Spotting Phishing & Scams with AI
Phishing is the attack you are most likely to face this week. A convincing fake message lands in your inbox or texts, you click in a hurry, and your password or money is gone. The good news: AI is an outstanding phishing-detection partner. In this lesson you will build a repeatable habit for analyzing any suspicious message in under a minute.
What You'll Learn
- The universal warning signs of phishing and scams
- A step-by-step AI workflow for analyzing suspicious messages
- How to safely investigate links and senders without clicking
- Why AI-written phishing is harder to spot — and how to adapt
The Universal Warning Signs
Most phishing shares the same DNA. Train your eye for these red flags:
- Urgency and fear. "Your account will be closed in 24 hours!" Pressure stops you from thinking.
- A request to click a link or open an attachment you did not expect.
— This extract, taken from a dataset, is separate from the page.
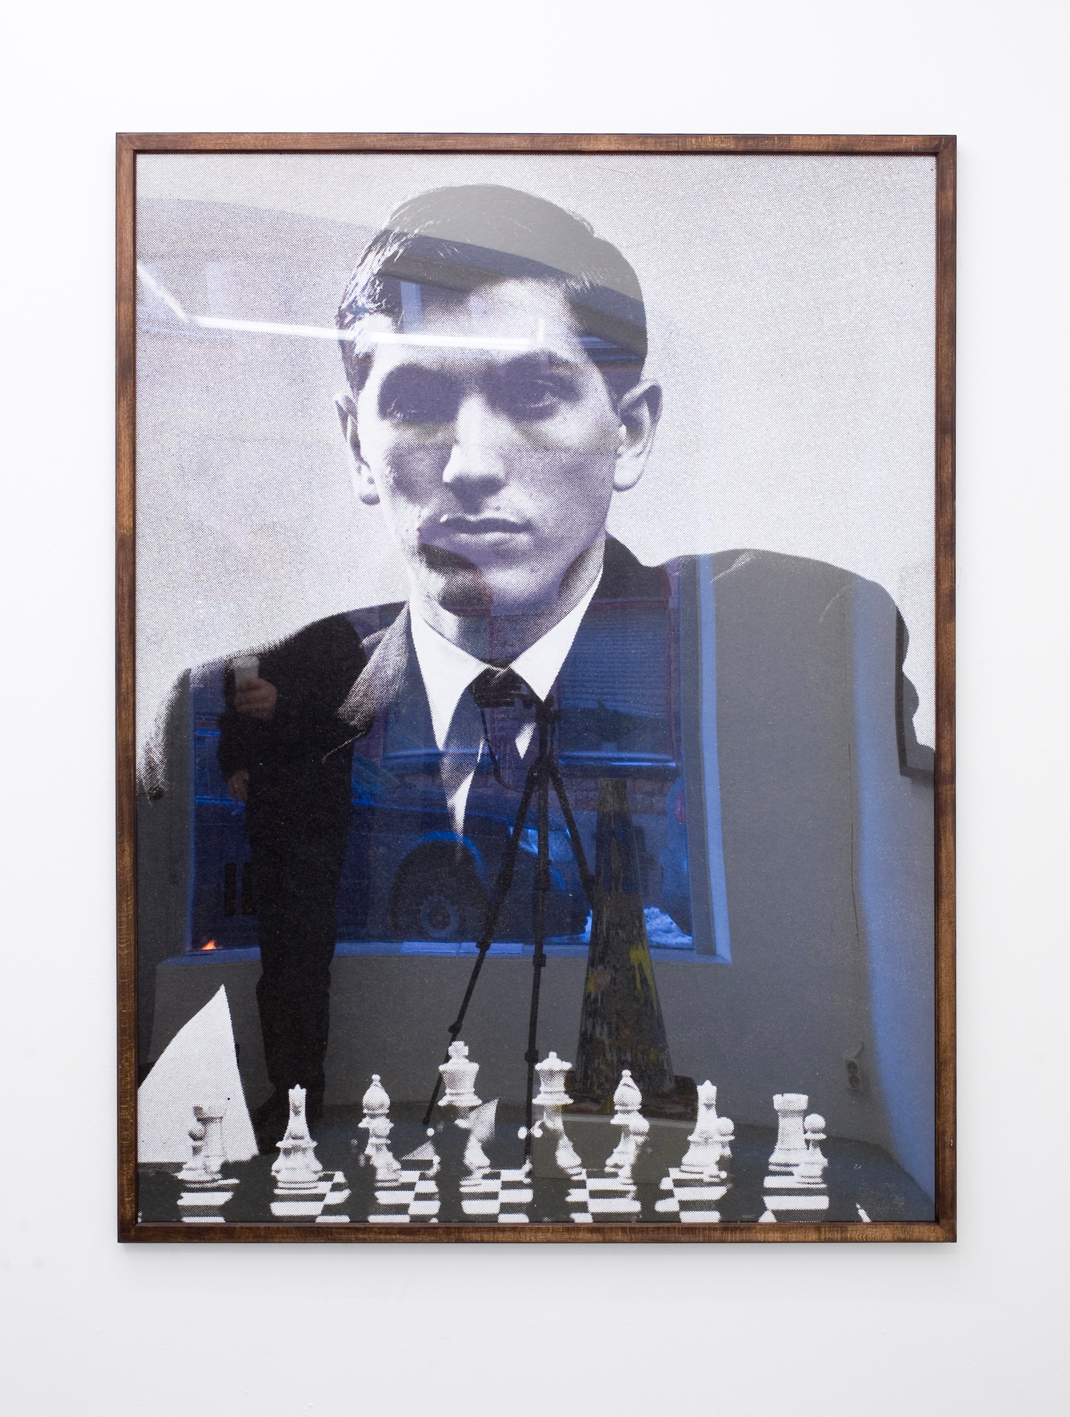 Framed photograph of a man in front of a chess board

- A mismatched or odd sender address. The display name says "Apple" but the address is
support@apple-verify-account.ru. - Requests for credentials, codes, or payment. Real companies do not ask for your password by email.
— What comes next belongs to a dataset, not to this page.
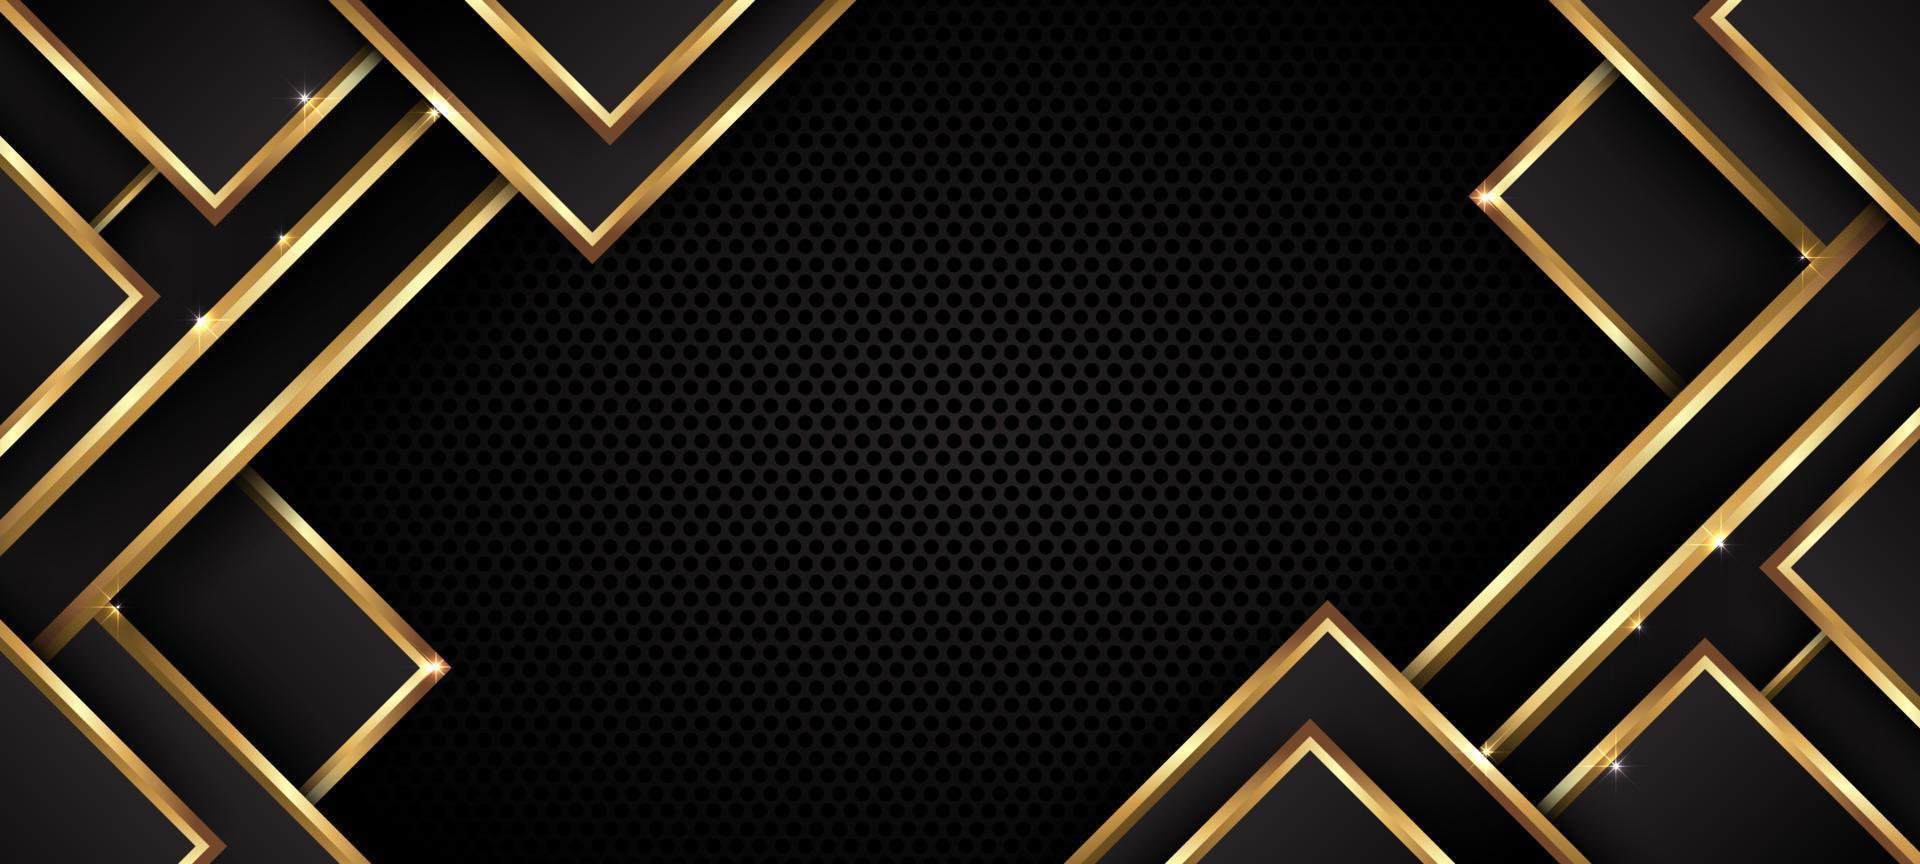 Abstract Black Triangular Background with Gold Lines 14724816

- Generic greetings. "Dear Customer" instead of your name (though AI is making personalization easier).
- Look-alike domains.
paypa1.com(with a number 1),microsft-support.com, or extra words like-secure-login. - Too good to be true. You won a prize you never entered for.
Any one of these is a yellow flag. Two or more is a red flag. The safe default for anything suspicious is: do not click, do not reply, verify independently.
The AI Phishing-Check Workflow
Here is the exact routine to run whenever something feels off. Open ChatGPT or Claude and use this prompt, pasting the message text (with your personal details removed):
Act as a phishing-detection expert. Analyze this message for signs of phishing or a scam. List each red flag you find, rate the overall risk as Low, Medium, or High, and tell me the single safest action to take. Do not assume it is safe just because it looks polished. Here is the message: [paste here]
The AI will return a structured breakdown — far more thorough than a quick glance. For example, paste a fake message and it will flag the look-alike domain, the artificial urgency, and the credential request, then recommend going to the official site directly.
For checking whether a sender domain or website is legitimate, switch to Perplexity so you get sourced answers:
Is "secure-paypal-billing.com" an official PayPal domain? What is PayPal's real domain, and how can a beginner verify a website's legitimacy?
Investigating Links Without Clicking
Never click a suspicious link to "see where it goes" — that is exactly what attackers want. Instead, investigate safely:
- Hover, do not click. On a computer, hover your mouse over a link to preview the real URL at the bottom of the screen. On mobile, press and hold to preview without opening.
- Read the domain right to left. The true site is the part just before the first single slash. In
apple.com.verify-account.ru/login, the real domain isverify-account.ru— not Apple. - Ask AI to decode it. Paste the visible link text and ask: "Break down this URL and tell me the actual domain a beginner should worry about."
- Use the official app or type the address yourself instead of trusting any link.
The New Challenge: AI-Written Phishing
Here is the uncomfortable truth: attackers now use AI too. The classic advice "look for bad spelling and grammar" is obsolete, because AI writes flawless, professional, perfectly localized messages. Modern phishing can even reference real details scraped from your social media.
So adapt your defenses. Stop relying on how a message is written and focus on what it asks you to do:
- Does it create urgency? Does it ask for credentials, codes, or money? Does it push you to an unexpected link?
- Verify through a separate, trusted channel. If "your bank" emails you, call the number on the back of your card — not the number in the email.
- Slow down. Almost every successful phishing attack relies on the victim acting fast. The pause is your superpower.
A Quick Hands-On Exercise
Find a promotional or "verify your account" email in your own inbox (a real but harmless one is fine). Remove any personal details, then run the phishing-check prompt above in both ChatGPT and Claude. Compare their risk ratings and red flags. Even on a legitimate email, you will learn to read messages the way an analyst does. This is a habit you can run for the rest of your life in under sixty seconds.
Your Homework for This Lesson
Save the phishing-check prompt into your "My AI Security Prompts" note. The next time you receive any unexpected message asking you to click, log in, or pay, run it through the prompt before doing anything else. Build the pause-and-check reflex now, before it counts.
Key Takeaways
- Phishing shares universal red flags: urgency, unexpected links, mismatched senders, credential requests, and look-alike domains.
- Use an AI "phishing-detection expert" prompt to get a structured red-flag analysis and risk rating in seconds.
- Investigate links by hovering, reading the domain right to left, and asking AI to decode the URL — never click to "check."
- AI-written phishing is grammatically perfect, so judge a message by what it asks you to do, not how it is written.
- Verify urgent requests through a separate trusted channel, and always slow down — the pause is your best defense.